A Justiça Federal em Roraima determinou que a União crie um novo cronograma de ações contra o garimpo ilegal na Terra Indígena Yanomami após o retorno dos garimpeiros ao território. A decisão, divulgada nesta quinta-feira (21), ocorre a pedido do Ministério Público Federal (MPF).
A retirada dos garimpeiros foi determinada pela Justiça no âmbito de ação civil pública ajuizada pelo MPF contra os órgãos federais, em 2020, com o objetivo de garantir a edição e a implantação de plano emergencial de ações de monitoramento territorial efetivo na terra indígena.
A medida deveria viabilizar o combate a ilícitos ambientais e a retirada de infratores. No entanto, segundo o Ministério Público, os esforços empreendidos pelos órgãos federais até o momento se mostraram ineficazes.
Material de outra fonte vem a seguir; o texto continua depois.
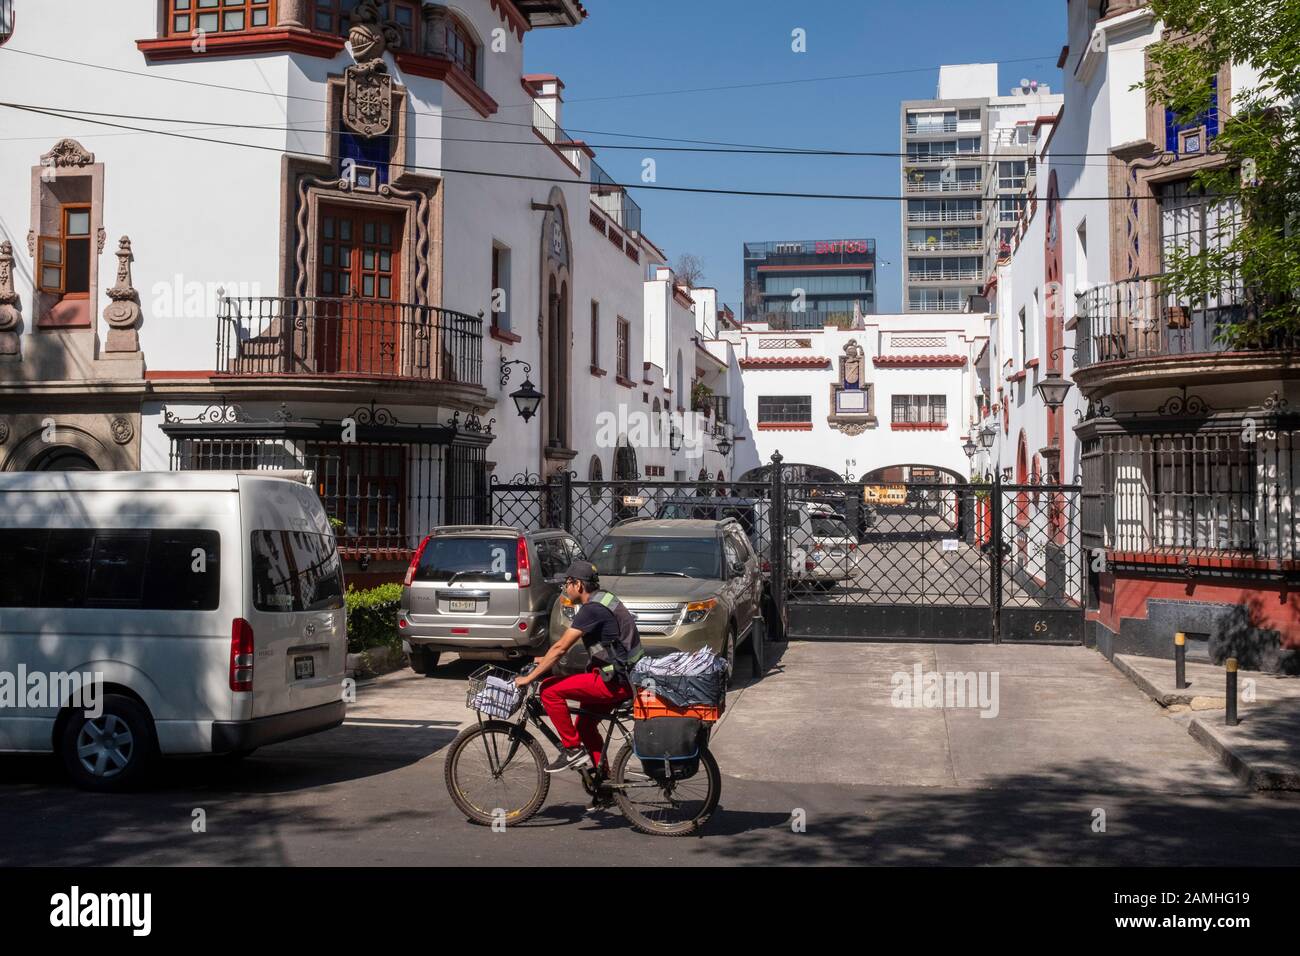 Street scene, La Condesa. Stock Photo

No requerimento à Justiça, o MPF destaca que os resultados promissores das operações governamentais realizadas no território, no início deste ano, não conseguiram evitar a reocupação de áreas pelo garimpo. Tais ações, segundo o órgão, geraram resultados positivos até o início do segundo semestre, quando houve um retrocesso mediante o retorno de não indígenas para atividades ilícitas de exploração mineral, sobretudo em áreas já desmatadas.
Há diversos relatos de aliciamento, prostituição, incentivo ao consumo de drogas e de bebidas alcoólicas e até estupro de indígenas por parte dos garimpeiros.
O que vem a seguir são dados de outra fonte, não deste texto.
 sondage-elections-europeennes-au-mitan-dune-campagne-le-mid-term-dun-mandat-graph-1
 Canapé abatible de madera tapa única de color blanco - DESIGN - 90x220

“Anotou-se que o garimpo é um empreendimento criminoso de grande resiliência e de alta capacidade de reorganização, exigindo, pois, o aperfeiçoamento constante das estratégias de comando e controle”, destacou o procurador da República responsável pelo caso, Alisson Marugal.
Segundo consta na ação, a atividade irregular provavelmente possui ligação com organizações criminosas que dão suporte logístico, financeiro e de armamentos para que os garimpeiros sigam enfrentando os agentes estatais. Para o Ministério Público, é necessário rever o plano de ações com base na experiência adquirida nos primeiros 180 dias de incursões contra o garimpo, para a adoção de novas providências capazes de frear a invasão.
A decisão judicial aponta que não foram adotadas medidas satisfatórias para o monitoramento eficaz da Terra Indígena Yanomami e não há um planejamento de caráter permanente para garantir a segurança, a saúde e a vida dos povos locais e dos profissionais de saúde que atuam no território.
Na avaliação da Justiça Federal em Roraima, o Estado brasileiro permanece em falta com os povos indígenas, que deveriam ser protegidos efetivamente.
Informações prestadas no processo pela Hutukara Associação Yanomami, a partir de um balanço da ação estatal nos primeiros meses deste ano, mostram que a limitação de esforços de controle territorial e da participação das forças armadas impossibilitou o controle sobre a atividade do garimpo ilegal. Esse cenário revela um sentimento de insegurança ainda presente na terra indígena. “Os moradores se sentem constantemente inseguros, devido às ameaças que recebem por parte dos garimpeiros. Os invasores culpam a comunidade pelas operações de extrusão (desocupação), e esta tem sofrido represálias por denunciar o garimpo ilegal”, destaca a decisão da Justiça Federal.
Documentos juntados pelo MPF indicam que o problema do garimpo também desponta num quadro de desnutrição desenfreada de crianças, ao passo em que as instalações de saúde foram tomadas pelos invasores e transformadas em centro logístico da atividade ilegal.
Segundo dados do relatório mensal oficial sobre os atendimentos no Distrito Sanitário Especial Indígena Yanomami (DSEi-Y), até 4 de outubro de 2023 foram registradas mais de 20 mil notificações de gripe e 18,6 mil de malária. Pelo menos 215 mortes foram confirmadas, sendo 155 delas dentro da própria terra indígena.
Ao acatar o pedido do MPF, a Justiça Federal também determinou o levantamento do sigilo do processo para garantir o direito de acesso à Justiça dos povos indígenas previsto na Resolução n.º 454/2022, do Conselho Nacional de Justiça (CNJ). O objetivo é viabilizar a participação de lideranças Yanomami e permitir o diálogo e a aproximação dos povos indígenas com o sistema de Justiça.